This is a classic system design question that tests your ability to handle real-time data at massive scale. Live streaming sits at the intersection of storage, networking, and distributed systems — and interviewers love it because there are so many interesting trade-offs to discuss.
Estimated time: 45 minutes
Step 1: Understand the Requirements (5 minutes)
Before you touch a single architecture box, you need to nail down what "live streaming" actually means for this system. Ask your interviewer clarifying questions — it shows maturity and prevents you from designing the wrong thing.
Functional Requirements
-
Broadcasters
can start a live stream and upload video in real time
-
Viewers
can watch live streams with near-real-time latency (a few seconds is acceptable)
-
Live chat
alongside each stream so viewers can interact
-
Viewers can browse and discover active streams
-
Support for
stream recording
so content is available as VOD (video on demand) after the stream ends
-
Multiple quality levels so viewers on slow connections can still watch
Non-Functional Requirements
-
Support
millions of concurrent viewers
on a single popular stream
-
End-to-end latency under
10 seconds
from broadcaster to viewer
-
High availability
— streams should not drop mid-broadcast
-
The system should scale horizontally as viewership grows
-
Chat should feel real-time (sub-second delivery for most users)
The key insight here is that live streaming is fundamentally a write-once, read-millions problem. One broadcaster produces content that millions consume simultaneously.
Out of Scope
-
Payment processing and subscription management (mention it, don't design it)
-
Content moderation ML pipelines
-
Mobile app specifics
-
Authentication and authorization details
Step 2: Back-of-the-Envelope Estimation (5 minutes)
Let's get a feel for the numbers. This helps you make informed decisions about architecture later.
Traffic Estimates
Daily active users: 50 million. Concurrent viewers at peak: 10 million. Concurrent broadcasters at peak: 100,000. Average stream duration: 2 hours. Average viewers per stream: 100 (but top streams have millions).
Bandwidth Estimates
Video is a bandwidth monster. 1080p runs at 6 Mbps, 720p at 3 Mbps, 480p at 1.5 Mbps, 360p at 0.8 Mbps.
Ingest bandwidth (broadcaster to our servers): 100,000 broadcasters x 6 Mbps = 600 Gbps ingest.
Egress bandwidth (our servers to viewers): 10 million viewers x 3 Mbps (average) = 30 Tbps egress.

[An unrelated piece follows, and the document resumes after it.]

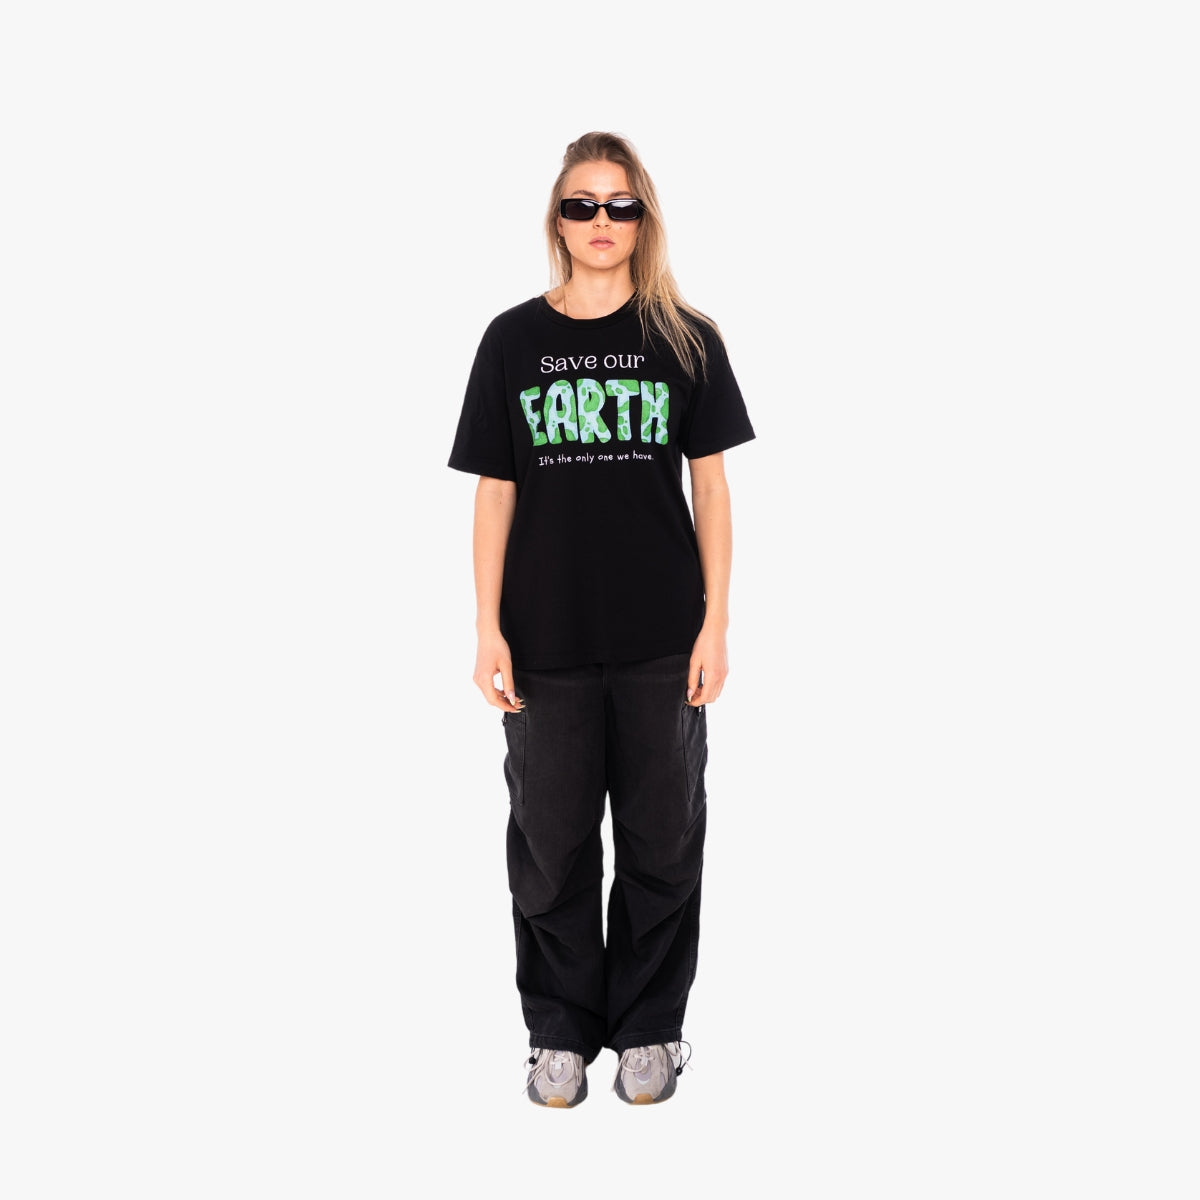 'SAVE OUR EARTH' Organic Relaxed Shirt in der Farbe Black als Komplettaufnahme vom Outfit getragen von einem weiblichen Model

That 30 Tbps number is exactly why CDNs exist. No single data center can push that much traffic.
Storage Estimates
If we record all streams: 100,000 streams x 2 hours x 6 Mbps = 540 TB per day of raw video. After transcoding to multiple qualities, roughly 2x that = ~1 PB/day. With 30-day retention for VOD: ~30 PB.
Step 3: High-Level Design (10 minutes)
The system is a pipeline: video flows from the broadcaster through several stages before reaching viewers.
Core Components
-
Video Ingestion Service - Accepts live video from broadcasters via RTMP
-
Transcoding Service - Converts incoming video into multiple resolutions and bitrates
-
CDN - Distributes video chunks to edge servers close to viewers
-
Chat Service - Handles real-time messaging for each stream
-
Stream Discovery and Metadata Service - Manages stream listings and search
-
VOD Service - Records live streams for later playback
Step 4: Deep Dive (20 minutes)
The Video Pipeline
RTMP ingest, chunking into 2-6 second segments, transcoding to multiple renditions, and delivery via HLS adaptive bitrate streaming.
CDN Architecture
Tiered cache architecture with shield/mid-tier layer between origin and edge. Multi-CDN strategy for redundancy and global coverage.
Live Chat at Scale
WebSocket connections with fan-out strategies that scale from direct delivery to message sampling based on viewer count.
Stream Recording and VOD
Asynchronous pipeline that stitches chunks, re-transcodes, generates thumbnails, and stores with lifecycle policies.
Wrap Up
Key trade-offs: latency vs quality, consistency vs availability, cost vs performance. The interviewer wants to see you navigate a complex system with many moving parts and make reasonable decisions at each layer.